Она повернулась к шоферу:

— Поезжай!

Я потерпел поражение. Я трус. Нойонмохон оправдал случившееся с социологических позиций, но я не слушал его доводов и потому не мог ему возразить.

1928

Похищенное сокровище

I

Во времена, о которых повествуют эпические поэмы, жену приходилось добывать отвагой, и тот, кто ею обладал, получал не женщину, а сокровище. Я же свою жену завоевал, не обладая мужеством, только она поздно об этом узнала. Но после свадьбы я посвятил себя подвижничеству и изо дня в день расплачивался за свой обман.
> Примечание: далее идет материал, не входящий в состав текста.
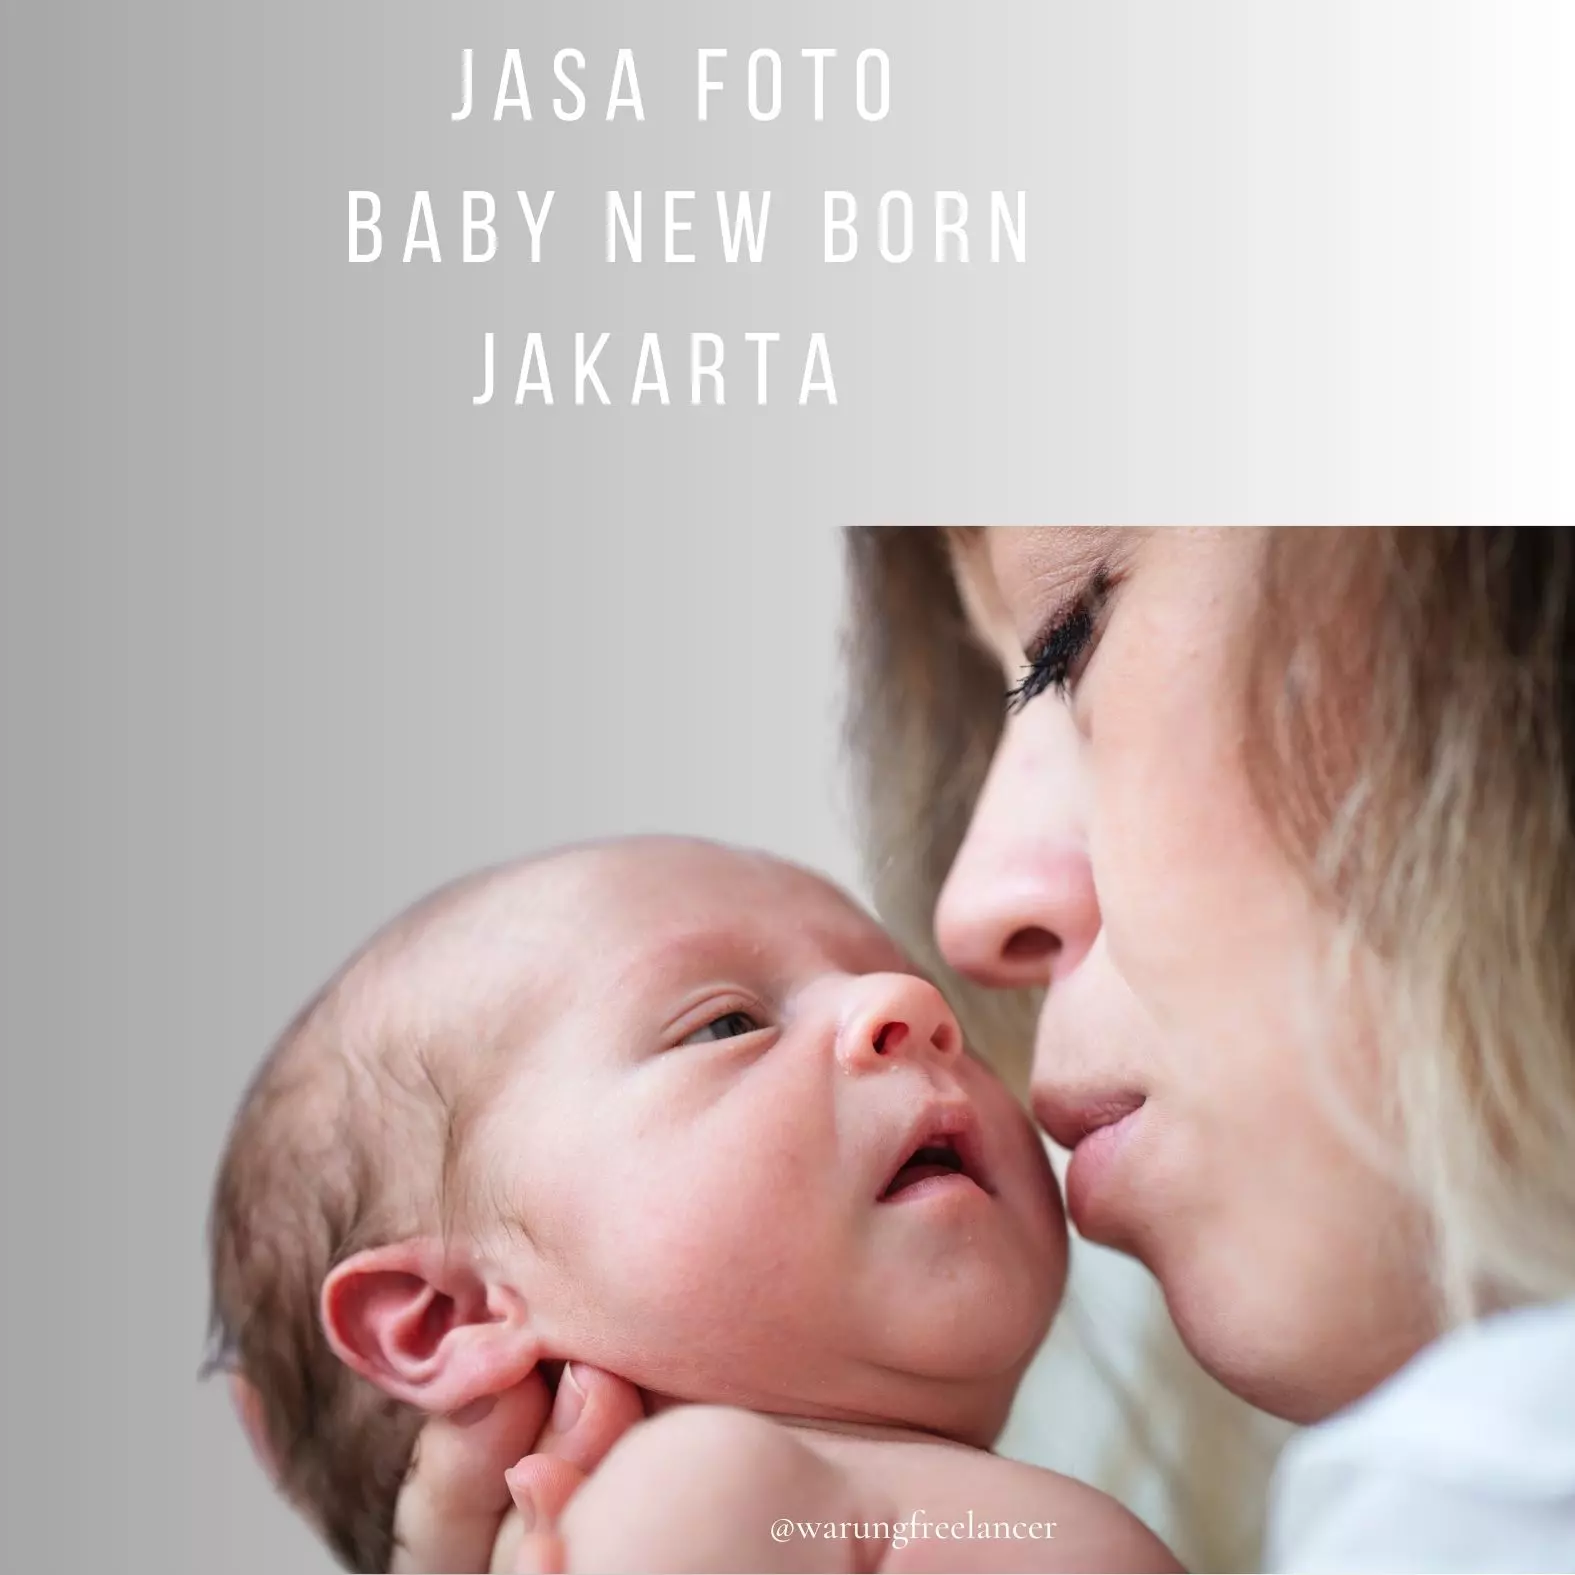 Jasa Foto Baby New Born Jakarta

Мужчина обычно забывает о том, что супружеские права нужно заслуживать снова и снова. Он получает жену, словно товар на таможне, предъявив документ об уплате пошлины, и, по сути дела, ничем не отличается от стражника, который обрел власть благодаря кокарде.





Супружество — песня всей жизни, припев у нее один, а мелодия изменяется с каждым куплетом. Это я узнал благодаря Шунетре. В ней скрыто все богатство любви с ее неиссякаемым величием, и весь день в доме звучит ее песня. Вернувшись как-то из конторы, я увидел, что для меня приготовлен шербет из ягод со льдом, и цвет его восхитителен. А рядом с ним на серебряной тарелочке — цветы, их аромат ощущаешь, еще не войдя в комнату. В другой раз я увидел чашку, полную сока и мякоти плода пальмиры, охлажденного в мороженице, и головку подсолнечника на блюдце. Как будто ничего особенного, но все это говорило о том, что жена изо дня в день заново ощущает мое существование. Способность ощущать новое присуща художникам, люди же обыкновенные идут проторенной тропой. У Шунетры дар любви, дар открывать все новые пути служения. Сейчас моей дочери Аруне семнадцать лет, то есть ровно столько, сколько было Шунетре, когда она вышла замуж. Сейчас Шунетре тридцать восемь, но она тщательно следит за собой. Для нее это все равно, что ежедневное жертвоприношение божеству, а божество — она сама.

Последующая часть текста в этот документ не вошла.